In melanoma, Prof Long — herself a renowned medical oncologist — and her team discovered that immunotherapy works better when a combination of drugs is used, and when they are administered before any surgery to remove a tumor. And so, Prof Scolyer last year became the first brain cancer patient to ever have combination, pre-surgery immunotherapy.

He is also the first to be administered a vaccine personalised to his tumour's characteristics, which boosts the cancer-detecting powers of the drugs.

After a tough couple of months of treatment at the start of the year — spent dealing with epileptic seizures, liver issues and pneumonia — Prof Scolyer says he is feeling healthier.

"I'm the best I have felt for yonks," he said, adding that he's back to exercising every day — which for him often means a casual 15km (9.3 mile) jog.

"It certainly doesn't mean that my brain cancer is cured... but it's just nice to know that it hasn't come back yet, so I've still got some more time to enjoy my life with my wife Katie and my three wonderful kids."

The results so far have generated huge excitement that the duo may be on the cusp of a discovery which could one day help the roughly 300,000 people diagnosed with brain cancer globally each year.

Prof Scolyer and Prof Long have previously said the odds of a cure are "minuscule", but they hope the experimental treatment will prolong Prof Scolyer's life and will soon translate into clinical trials for glioblastoma patients.

They currently have a scientific paper under review, which details results from the first weeks of Prof Scolyer's treatment, but Prof Long stresses that they are still a long way off developing an approved and regulated course of treatment.

"We've generated a whole heap of data, to then make a foundation for that next step, so that we can help more people," she said.

"We're not there yet. What we have to really focus on is showing that this pre-surgery, combination immunotherapy type of approach works in a large number of people."

Roger Stupp — the doctor after whom the current protocol for treating glioblastomas is named — earlier this year told the BBC Prof Scolyer's prognosis was "grim", and that it was too early to tell if the treatment is working.

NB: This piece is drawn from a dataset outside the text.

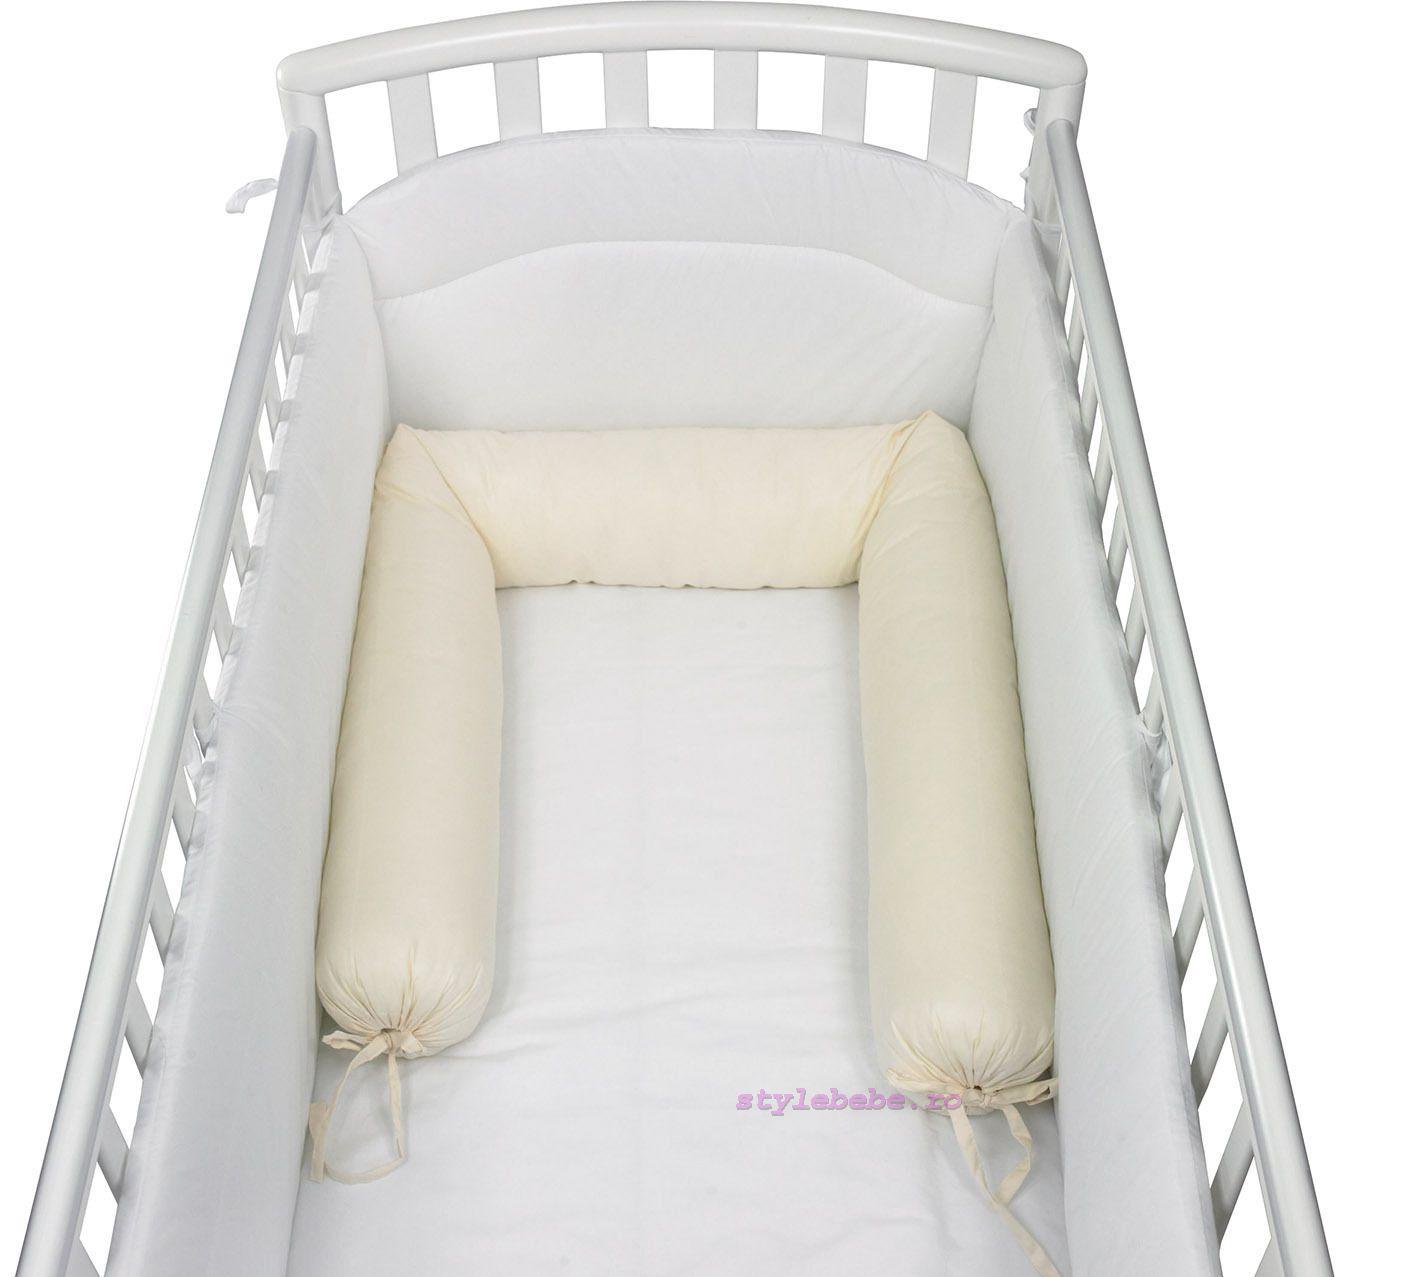 Protectie reductoare patut bebe

He added that while Scolyer's earlier results were "encouraging", he wanted to see him reach 12 months, even 18, without recurrence before getting excited.

Prof Scoyler said he's already proud of the data his treatment has generated and grateful to his family and his medical team for supporting "this experiment".

"I feel proud of the team that I work with. I feel proud that they're willing to take the risk in going down this path."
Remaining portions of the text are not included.